Hongjie Chen, a Ph.D. student in computer science, is a data science research intern at Adobe in San Jose, California. He is on the Cloud Technology Team, researching cloud resource allocation strategy. His advisor is Hoda Eldardiry.

Nurendra Choudhary, a Ph.D. student in computer science, is an applied science intern with the Amazon Search Team in Palo Alto, California. He is working on representation learning of products by leveraging the heterogeneous relations between them. His advisor is Chandan Reddy.

Joshua Detwiler, a Ph.D. student in computer science, is an intern for the Navy in Dahlgren, Virginia, where he is working on a distributed application for network analysis. His advisor is Layne Watson.

Chen Gao, a Ph.D. student in electrical and computer engineering, is a research intern at Google in Mountain View, California. He is working on improvements to the portrait mode on the Google Pixel phone. His advisor is Jia-Bin Huang.

Akshita Jha, a Ph.D. student in computer science, is a research intern in the Interdigital AI Lab in Palo Alto, California. Her work involves building interpretable natural language processing models. Her advisor is Chandan Reddy.

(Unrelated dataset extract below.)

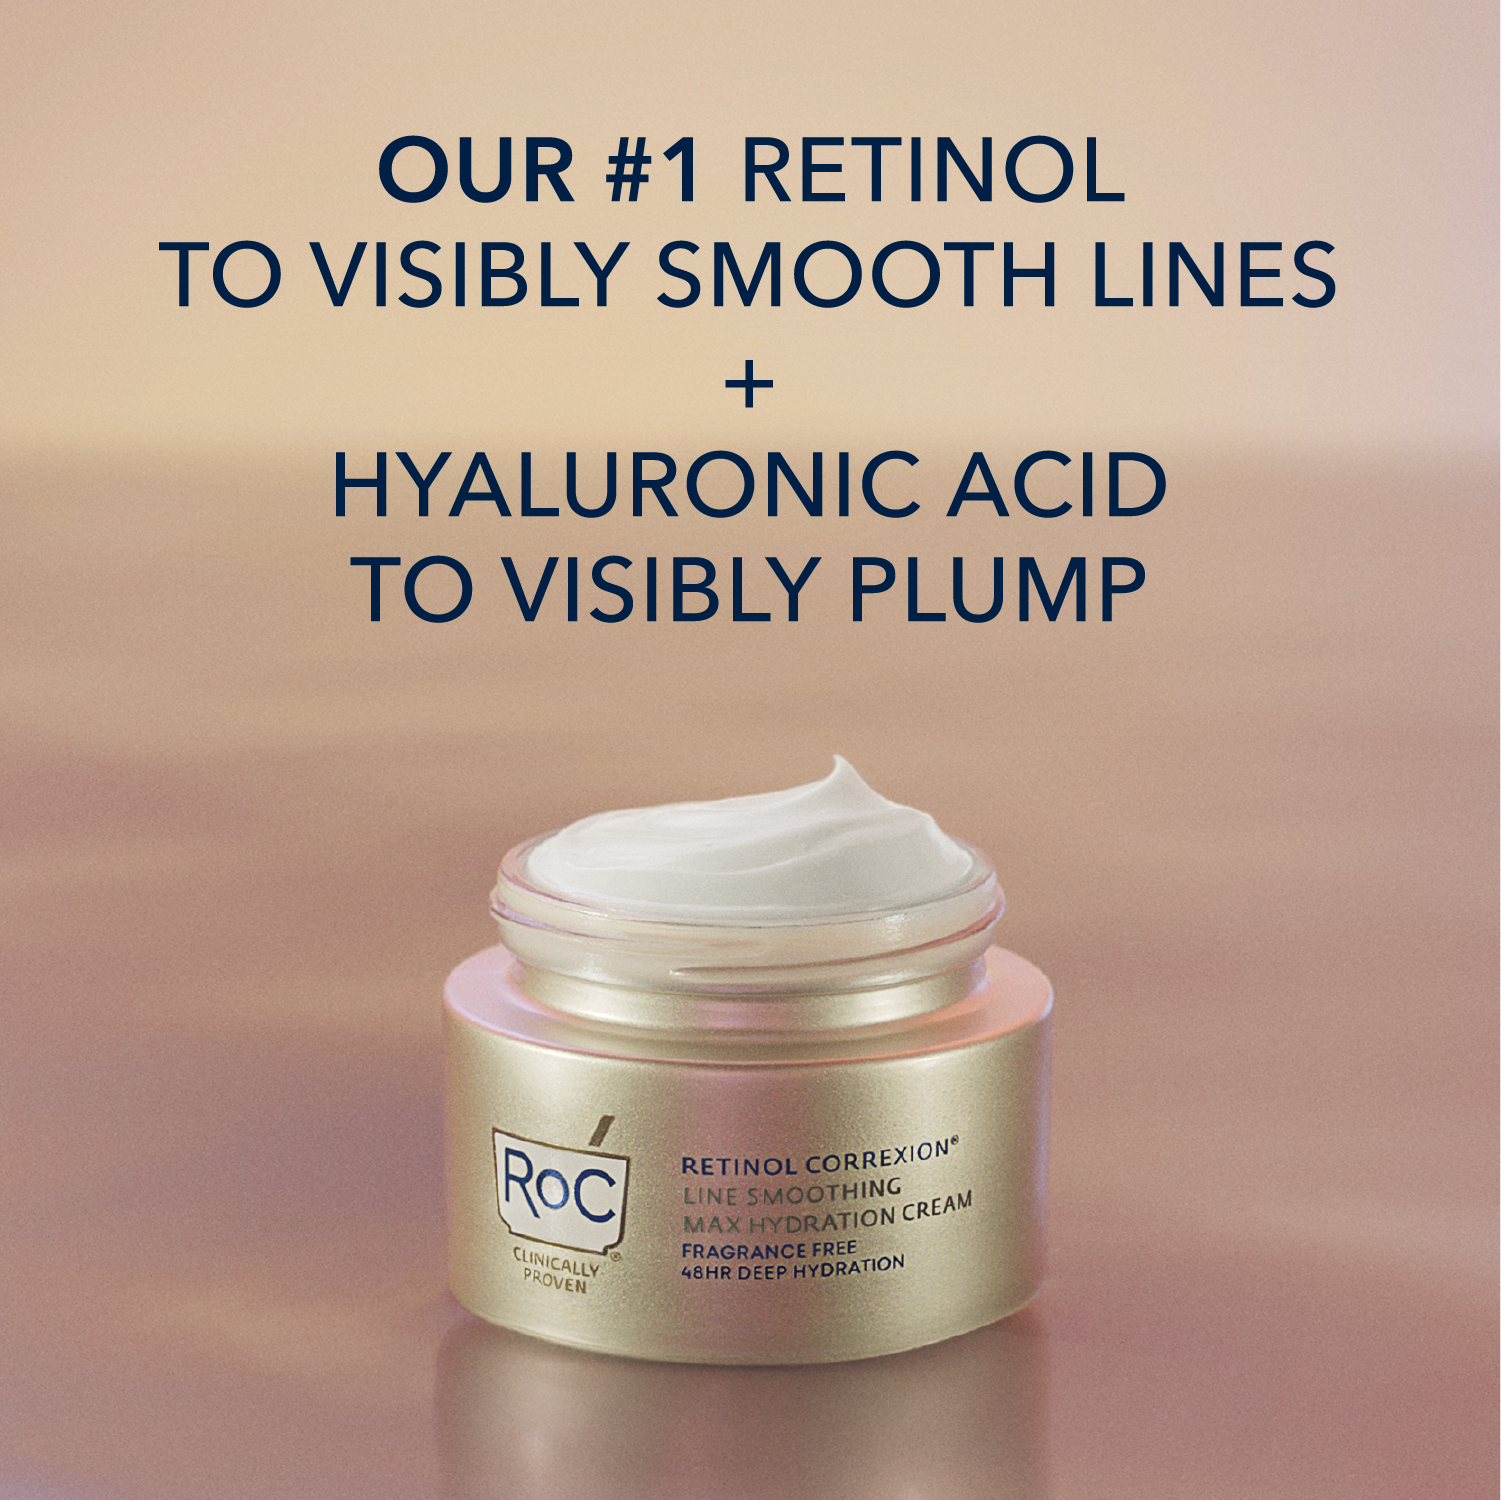 RoC Retinol Correxion Anti-Aging Daily Hydration Moisturizer Cream with Hydrating Hyaluronic Acid, Fragrance-Free, 1.7 oz - image 4 of 8

Prerna Juneja, a Ph.D. student in computer science, is an intern at the Information Science Institute at the University of Southern California with Emilio Ferrara, assistant research professor and associate director of Applied Data Science in the Department of Computer Science. She is investigating the spread of COVID-19 related conspiracy theories on Twitter. Her advisor is Tanushree Mitra.

You Lu, a Ph.D. student in computer science, is a research intern at NEC Labs America in Princeton, New Jersey, working on sequence labeling for signals in fibers. His advisor is Bert Huang.

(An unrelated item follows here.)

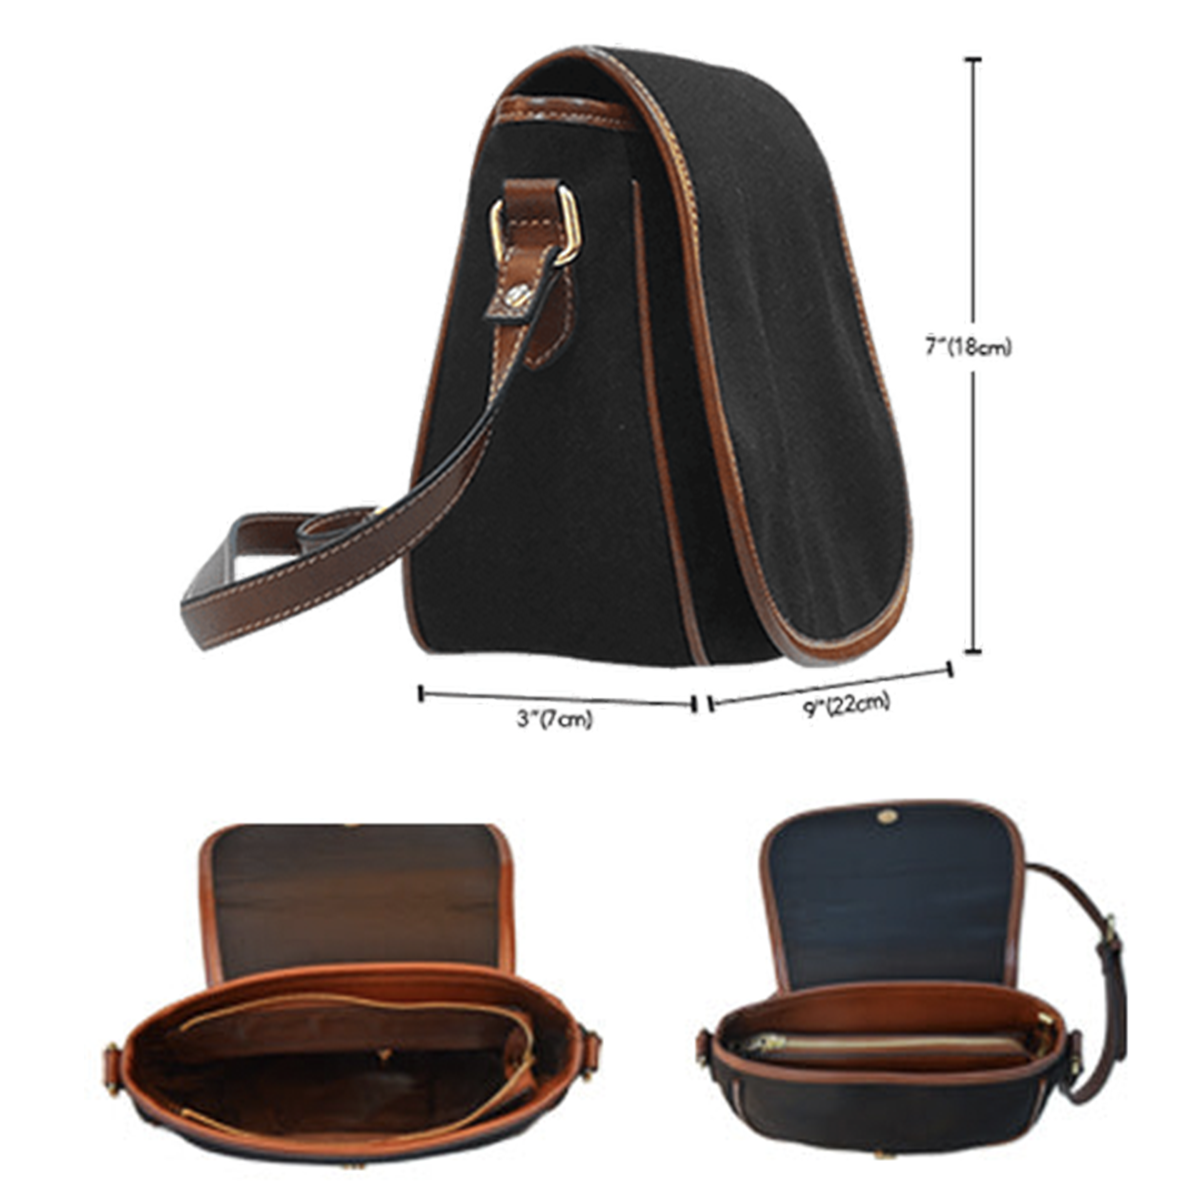 Copeland Tartan Saddle Handbags

Shruti Phadke, a Ph.D. student in computer science, is doing a research internship with James Pennebaker, a professor in the Department of Psychology at the University of Texas at Austin. She is studying online communities, their social processes, and behaviors. Her advisor is Tanushree Mitra.

Aarathi Raghuraman, a master’s degree student in computer science, is an intern at GlaxoSmithKline (GSK), working with the Digital, Data, and Analytics team to maximize process yield in upstream biopharm manufacturing. She is advised by Lenwood Heath.

Esther Robb, a master’s degree student in electrical and computer engineering, is a research intern at Google working with a team in San Francisco on reinforcement learning. Her advisor is Jia-Bin Huang.

Mandar Sharma, a master’s student in computer science, is working as a machine learning intern with Toyota Motors North America, specifically the Toyota Racing Development (TRD) branch, to help NASCAR drivers make better decisions when they are racing. His advisor is Naren Ramakrishnan.

Aarohi Sumant, a master’s student in computer science, is an intern at Amazon. She is working with the Kindle Marketing Team to develop machine learning techniques for book recommendations based on cross user activities as well as single-user activities on different Amazon platforms. Her advisor is Edward Fox.

Afrina Tabassum, a Ph.D. student in computer science is a data science intern in the Data Science for The Public Good (DSPG) program at the Biocomplexity Institute’s Social and Decision Analytics Division (SDAD) at the University of Virginia. She is working on projects that address state, federal, and local government challenges around critical social issues relevant in the world today. Her advisor is Hoda Eldardiry.

Mia Taylor, a senior undergrad in computer science, is interning at Amazon Web Services in the Route 53 (DNS) service. Her advisor is Hoda Eldardiry.

Sirui Yao, a Ph.D. student in computer science, is an intern at Google, working on tag prediction for recommender systems through learning items and tags embeddings. Her advisor is Bert Huang.

Shengzhe Xu, a Ph.D. student in computer science, is interning at Facebook Ads Core ML, working on attention-based time sequential embedding aggregation. Xu’s advisor is Naren Ramakrishnan.

Ming Zhu, a Ph.D. student in computer science, is interning at Amazon. She is an applied scientist intern for Amazon Alexa AI, working on conversational query representation learning. Zhu’s advisor is Chandan Reddy.

Yuliang Zou, a Ph.D. student in electrical and computer engineering, is working on learning with less/weaker annotations at Google. His advisor is Jia-Bin Huang.